Ecology and phenology.

Vaccinium bidoupense grows as an epiphyte on tree trunks or as a lithophyte on mossy rocks in broad-leaved and mixed forests at elevations of 1100–2200 m. It flowers from October to February; young fruits are documented from May to June.

Distribution.

Vaccinium bidoupense is known from Laos ( Sekong Province) and Vietnam (provinces Kon Tum, Lam Dong, and Quang Nam). The species is therefore endemic to the area comprising the Central Highlands of Vietnam (also called Tay Nguyen Plateau) and their extension in Laos known as Dak Cheung (or Dakchung) Plateau, being broadly distributed across this region. The region comprises three main mountainous areas, i. e., Dak Lak Plateau, Kon Tum — Gia Lai Plateau and Langbian Plateau ( Poyarkov et al. 2021), and V. bidoupense is documented to inhabit the latter two areas. As the known locations suggest, the species probably occurs throughout the Central Highlands, and its presence in the provinces Dak Lak, Dak Nong and Gia Lai is especially probable.

Etymology and history of documentation of Vaccinium bidoupense .

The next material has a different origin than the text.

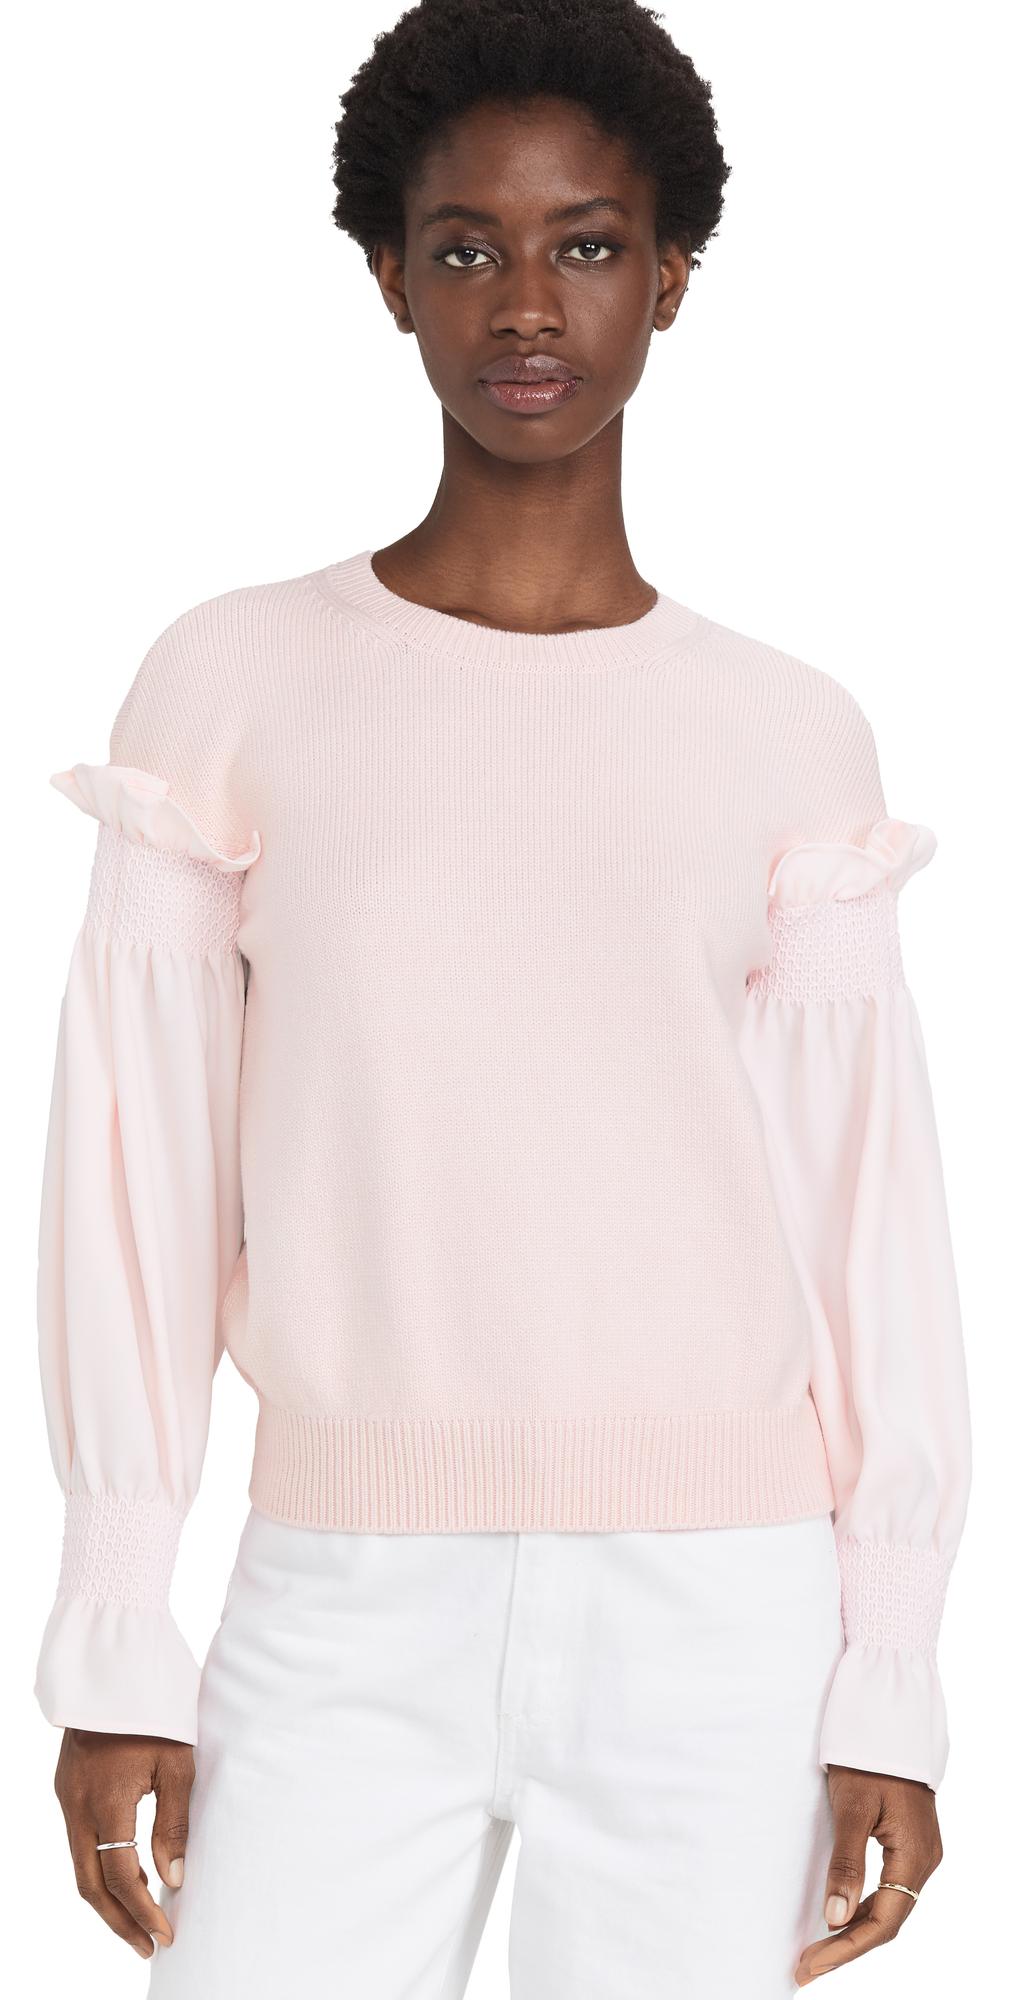 Hemlock Sweater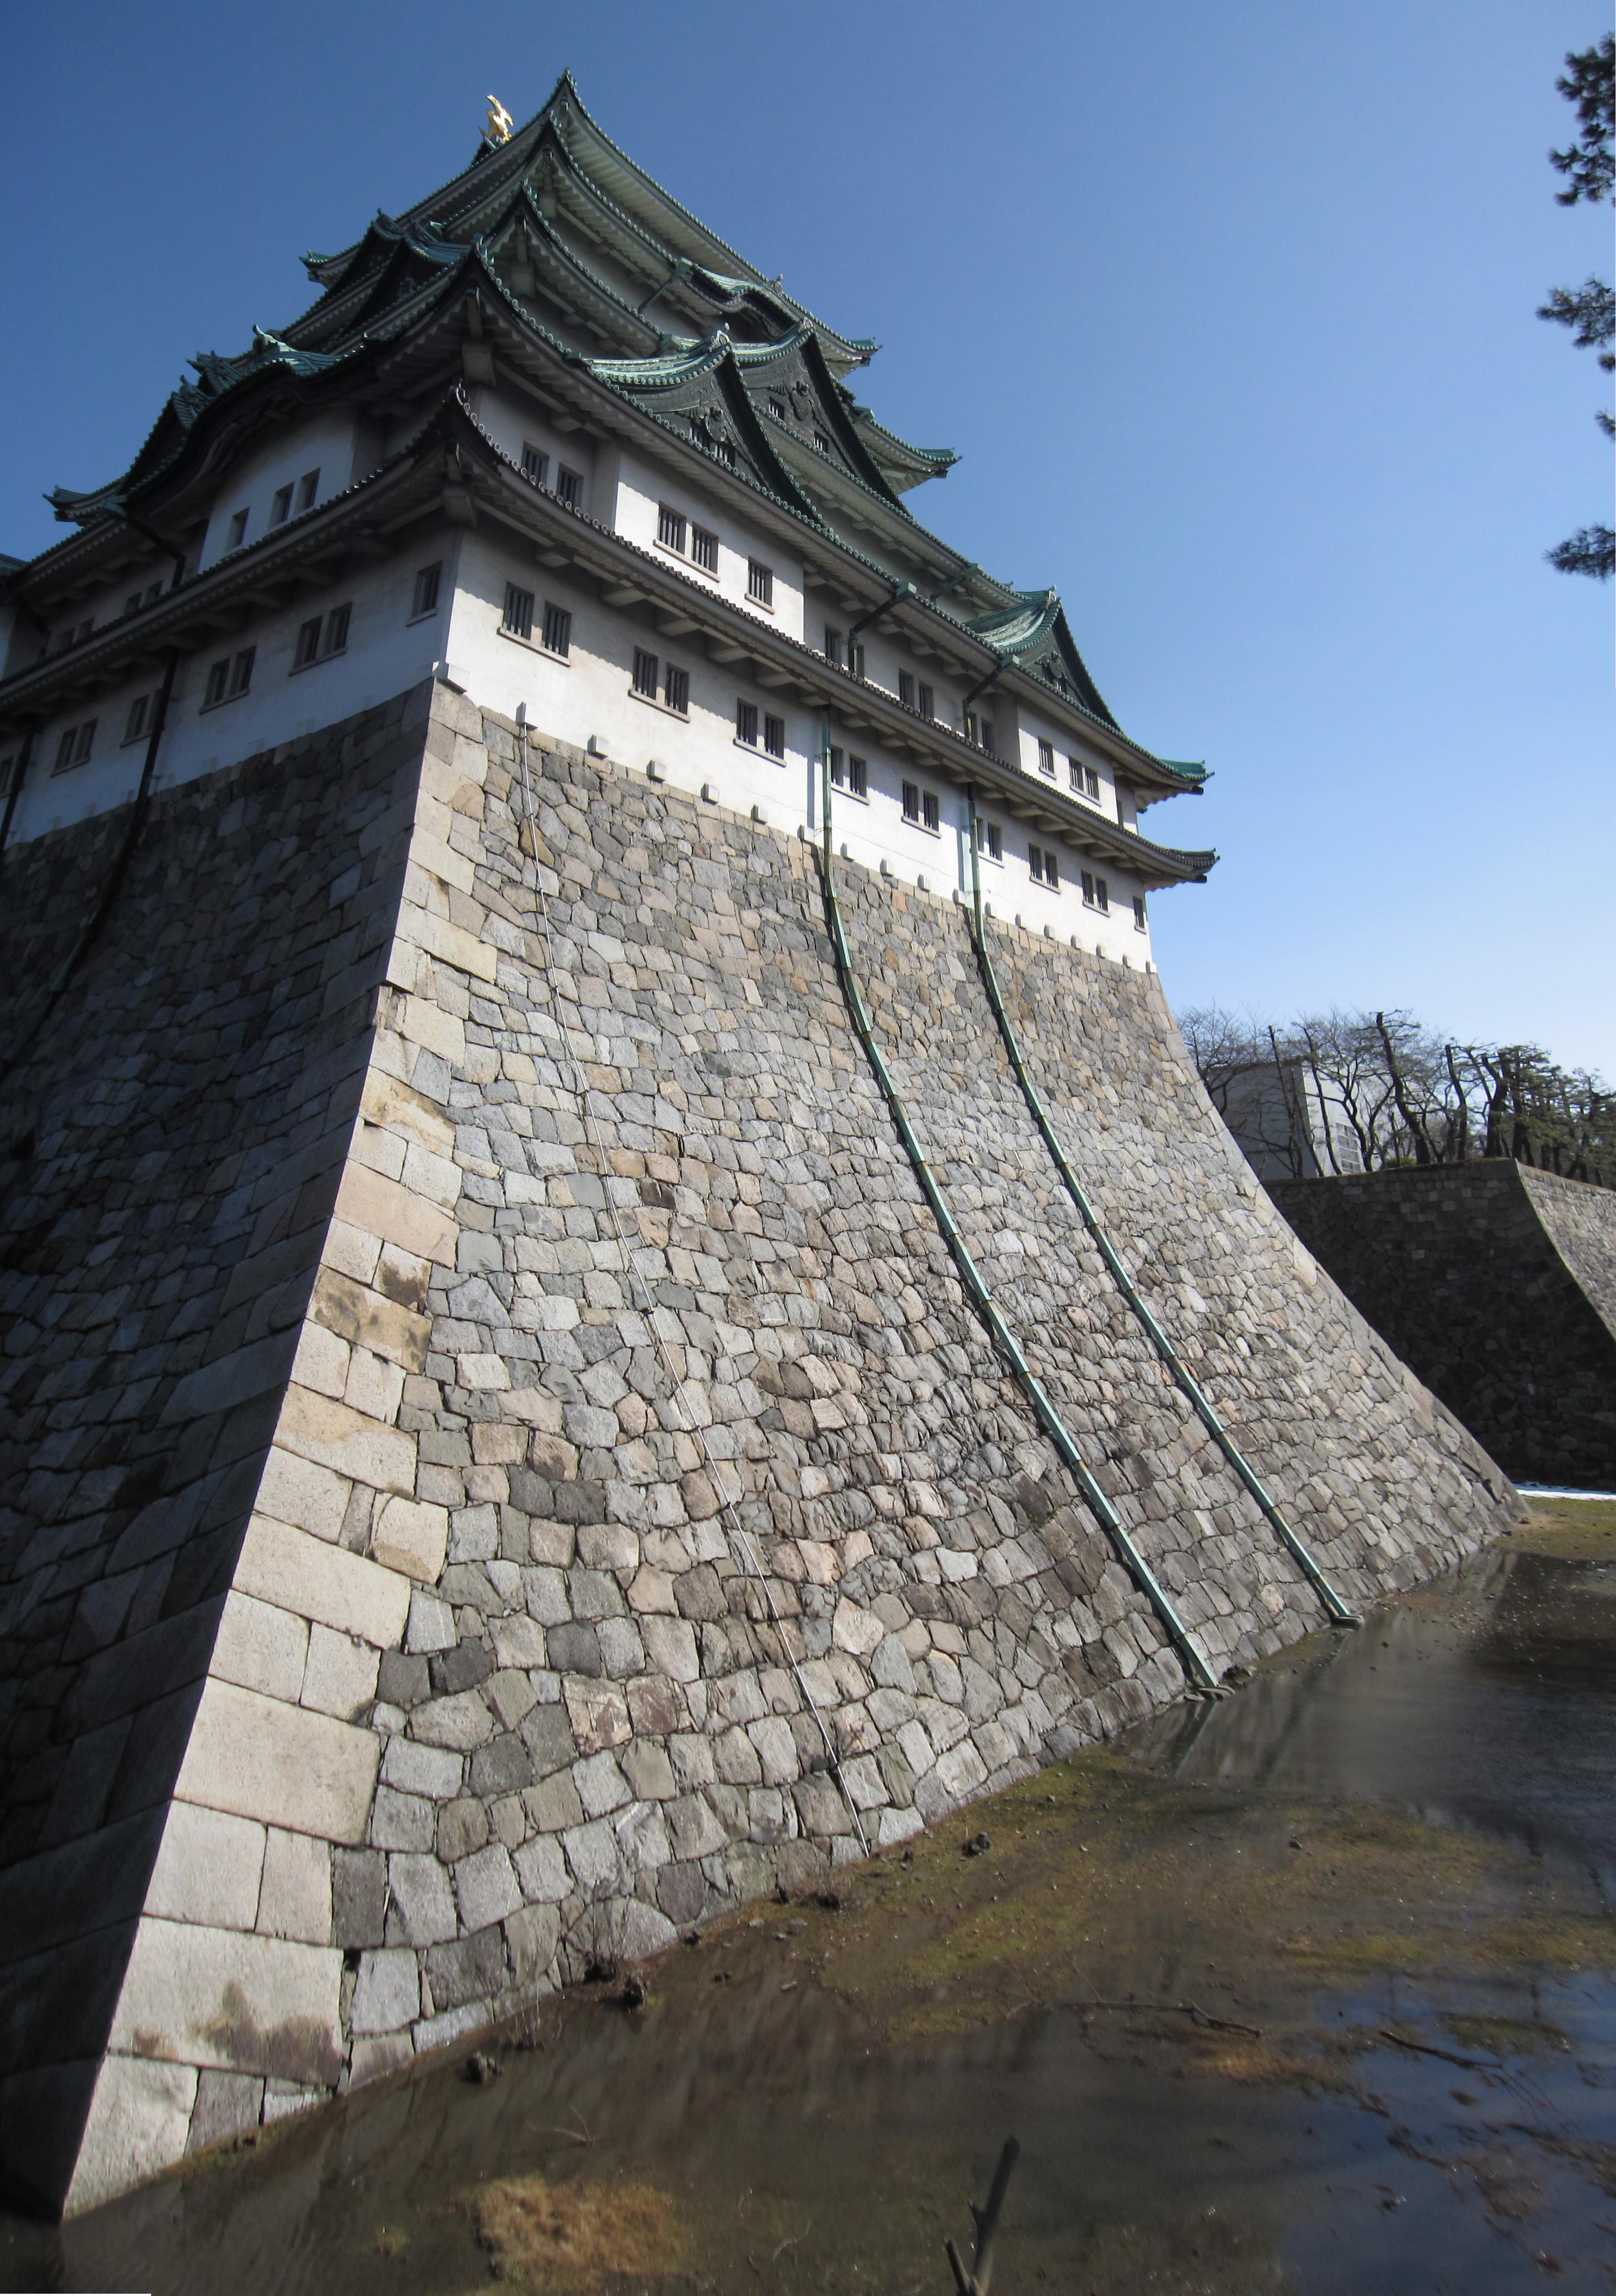 File:Nagoya Castle merged.jpg - Wikimedia Commons

The species name “ Vaccinium bidoupense ” was initially proposed by Tem Smitinand on the determination slips of three of Poilane’s specimens kept in P ( 30292, 30763 and 30909, included below as paratypes of the species). Two of these specimens originated from the Bidoup Massif (and 30292 was collected nearby), which is reflected in the species epithet. Although such a name has never been formally published until now, it was used by Vander Kloet and Avery (2007) (as “ V. bidoupense Smithin ”) who included the specimen Poilane 30763 in a morphophenetic analysis of stamen characters in the tribe Vaccinieae . Here, we follow Smitinand’s choice of epithet to ensure the clearness of the species identity and to acknowledge his recognition of this distinct species.

Conservation status.

Vaccinium bidoupense is an integral element of highland vegetation of the Central Highlands of Vietnam (including their extension in Laos) with an expected total extent of occurrence ( EOO) of about 55,000 km 2, which does not fit any of the threatened IUCN Red List conservation categories ( IUCN, Standards and Petitions Committee 2025). In intact habitats of montane forests, the species meets no damage factors. However, the vast degradation of primary vegetation across the distribution area of the species, including the legally protected territories, leads to a continuing decline in the extent of its occurrence, quality of habitat, number of populations, and number of mature individuals. In this connection, we preliminarily assess V. bidoupense as Near Threatened ( NT); we also consider that the species is close to being qualified as Vulnerable ( VU) in the near future.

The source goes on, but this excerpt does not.